Probiotics as Emerging Neurotherapeutics in Spinal Cord Injury: Modulating Inflammation, Infection, and Regeneration

Md Sakil; Md Jabir; Tufael2; Azizur

doi:10.25163/microbbioacts.8110290

Journal of Integrative Microbial Sciences | Online ISSN 2209-2161

REVIEWS (Open Access)

Previous Contents Vol 8 (1)

Probiotics as Emerging Neurotherapeutics in Spinal Cord Injury: Modulating Inflammation, Infection, and Regeneration

Md Sakil Amin^1*, Md Jabir Rashid¹, Tufael², Azizur Rahman³

+ Author Affiliations

Microbial Bioactives 8 (1) 1-11 https://doi.org/10.25163/microbbioacts.8110290

Submitted: 11 May 2025 Revised: 06 July 2025 Published: 08 July 2025

Abstract

Spinal cord injury (SCI) is a life-altering condition that often leads to severe motor, sensory, and autonomic dysfunction. The pathophysiology of SCI involves primary mechanical damage followed by secondary injury, characterized by inflammation, oxidative stress, and neurodegeneration. Traditional treatment options focus primarily on symptomatic relief and rehabilitation, with limited success in neural regeneration.
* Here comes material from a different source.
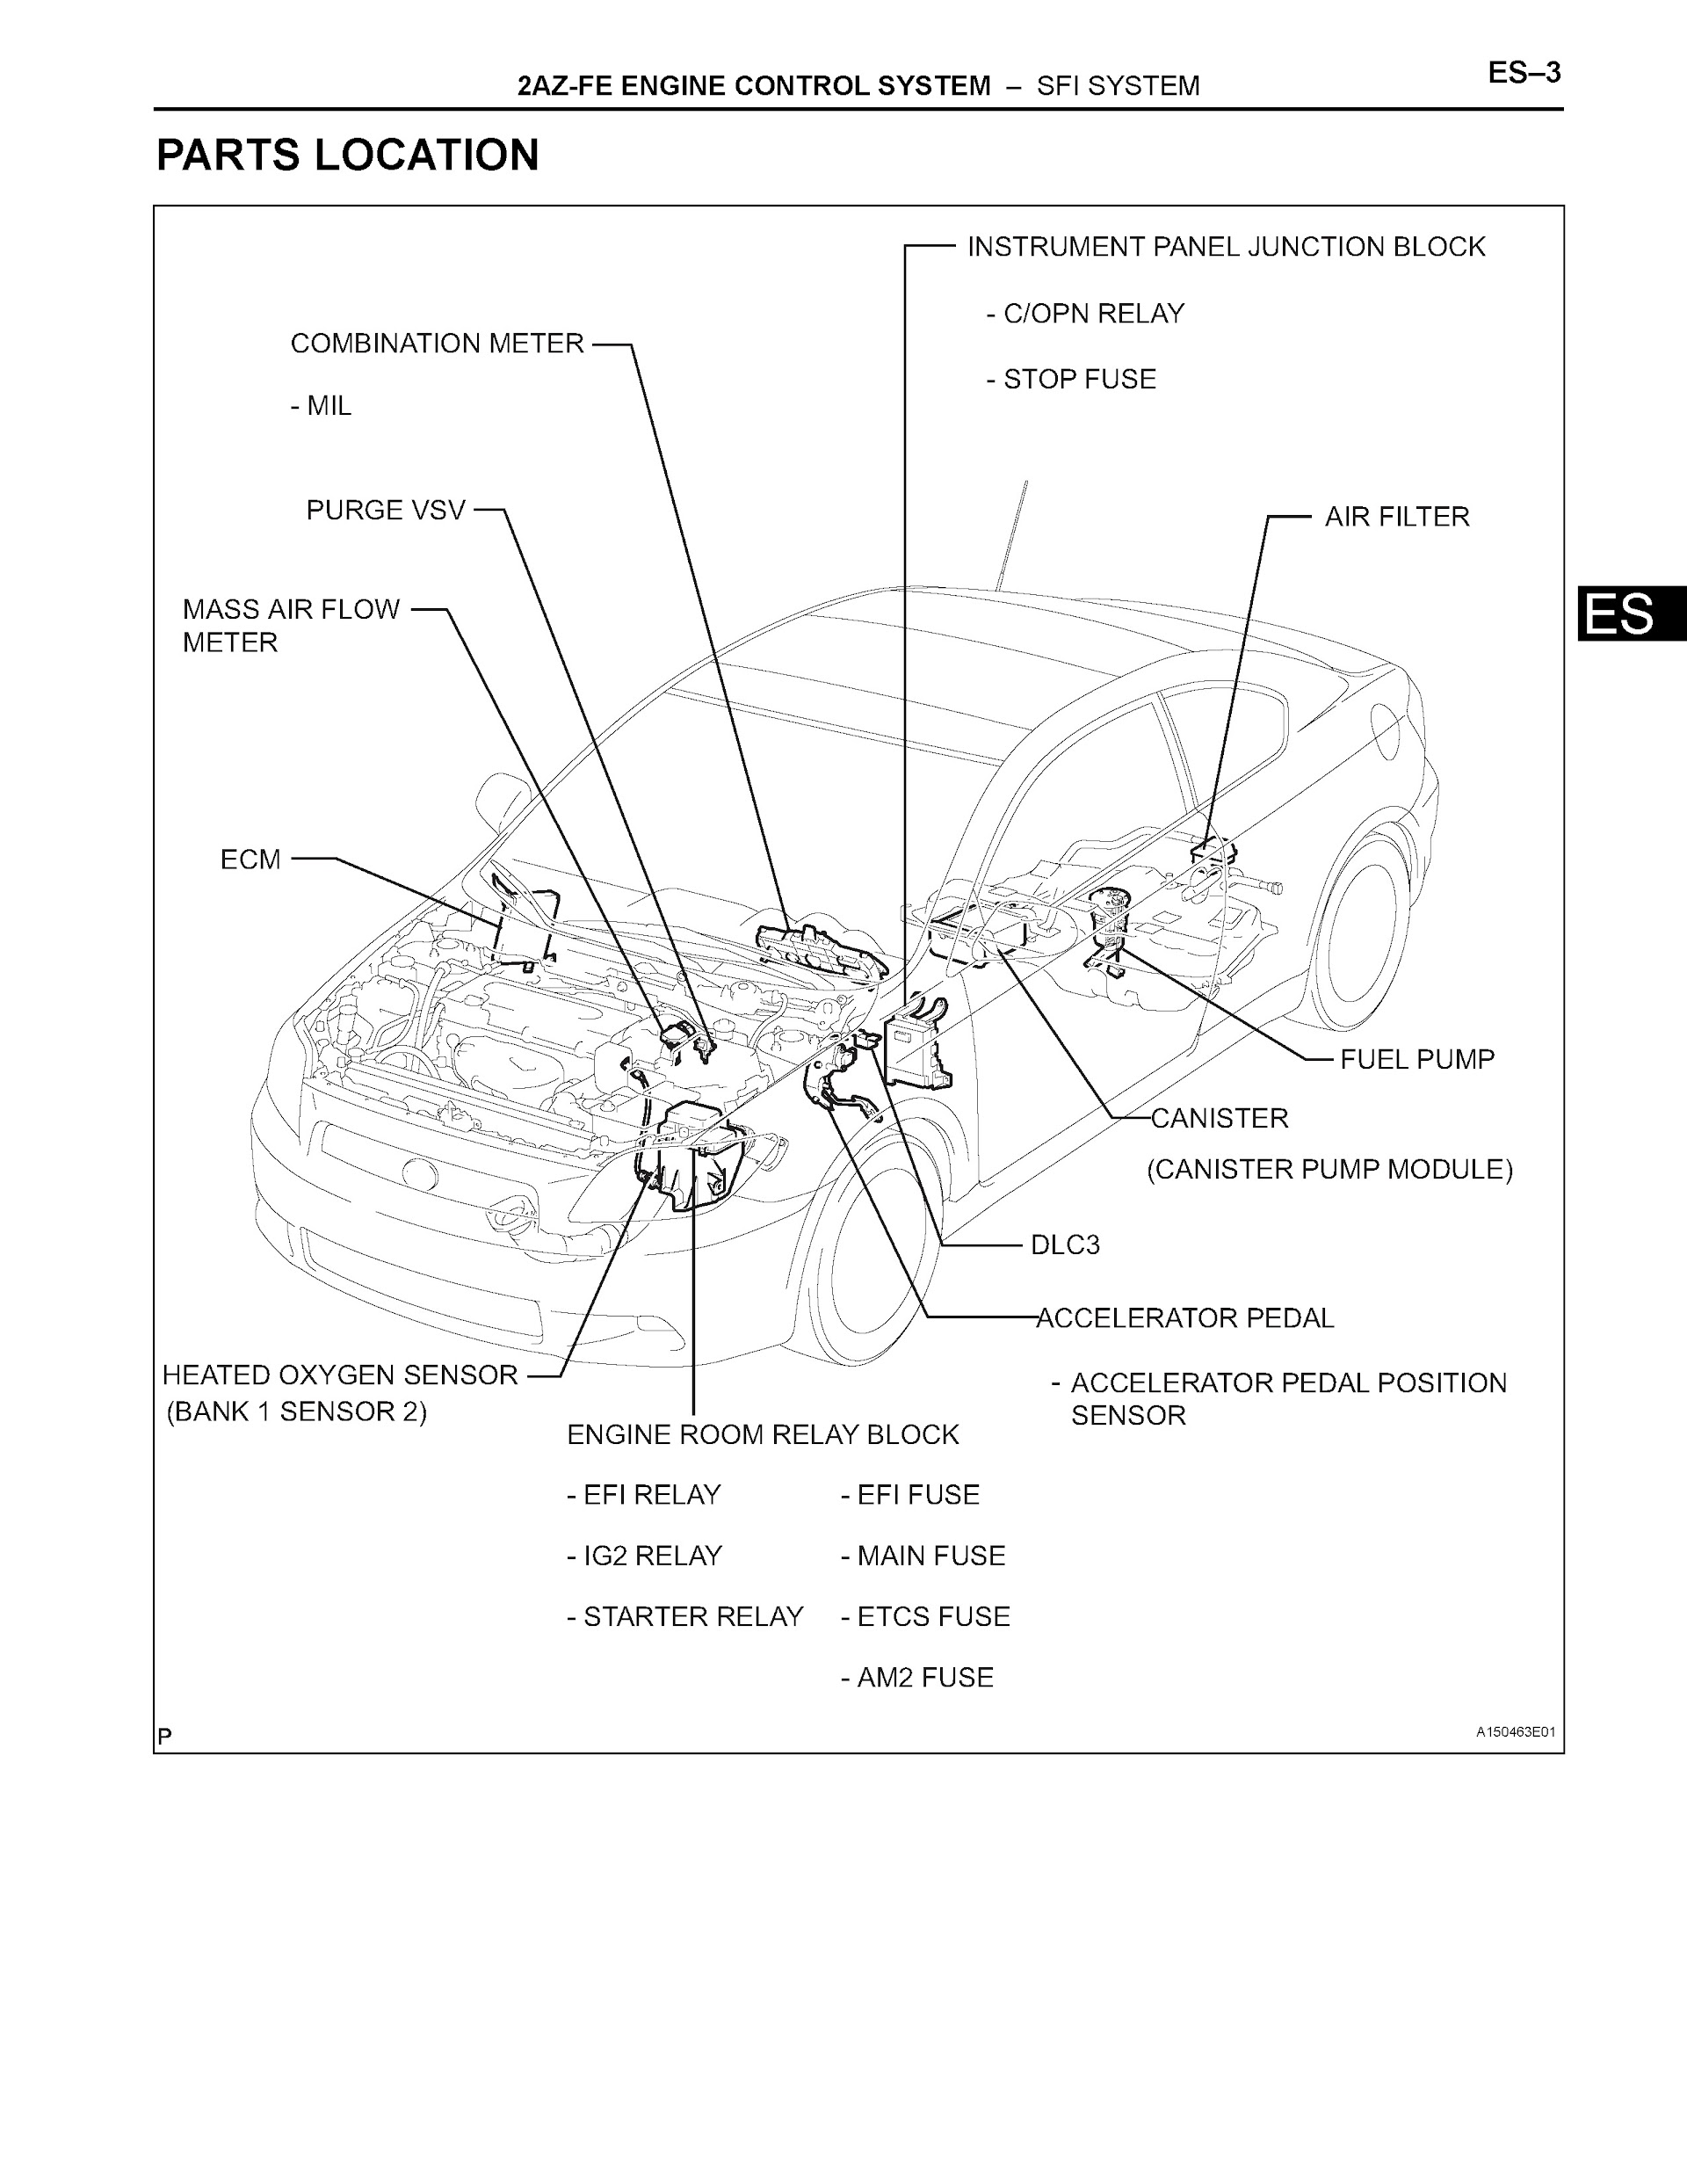 2005 scion tc repair manual pdf 2AZ-FE Engine Control System

In recent years, probiotics have emerged as potential therapeutic agents due to their antibacterial, anti-inflammatory, and neurodegenerative properties. Probiotics influence the gut microbiota, which plays a crucial role in modulating systemic inflammation, immune responses, and neuroprotection. Research suggests that probiotics can enhance neurogenesis, modulate cytokine production, and reduce secondary injury cascades in SCI models. Furthermore, probiotic-derived metabolites, such as short-chain fatty acids and neurotransmitters, contribute to neuroprotection and functional recovery. This review explores the potential of probiotics in SCI management by examining their mechanisms of action, including antibacterial defense, inflammation reduction, and neuronal repair. It also highlights clinical and preclinical studies supporting probiotic interventions for SCI. Given the growing interest in gut-brain interactions, understanding the therapeutic role of probiotics in SCI could lead to novel adjunct treatments, improving the quality of life for affected individuals. However, further research is required to establish standardized probiotic strains, dosages, and treatment regimens.

Keywords: Spinal cord injury, probiotics, neurodegeneration, gut microbiota, inflammation, antibacterial.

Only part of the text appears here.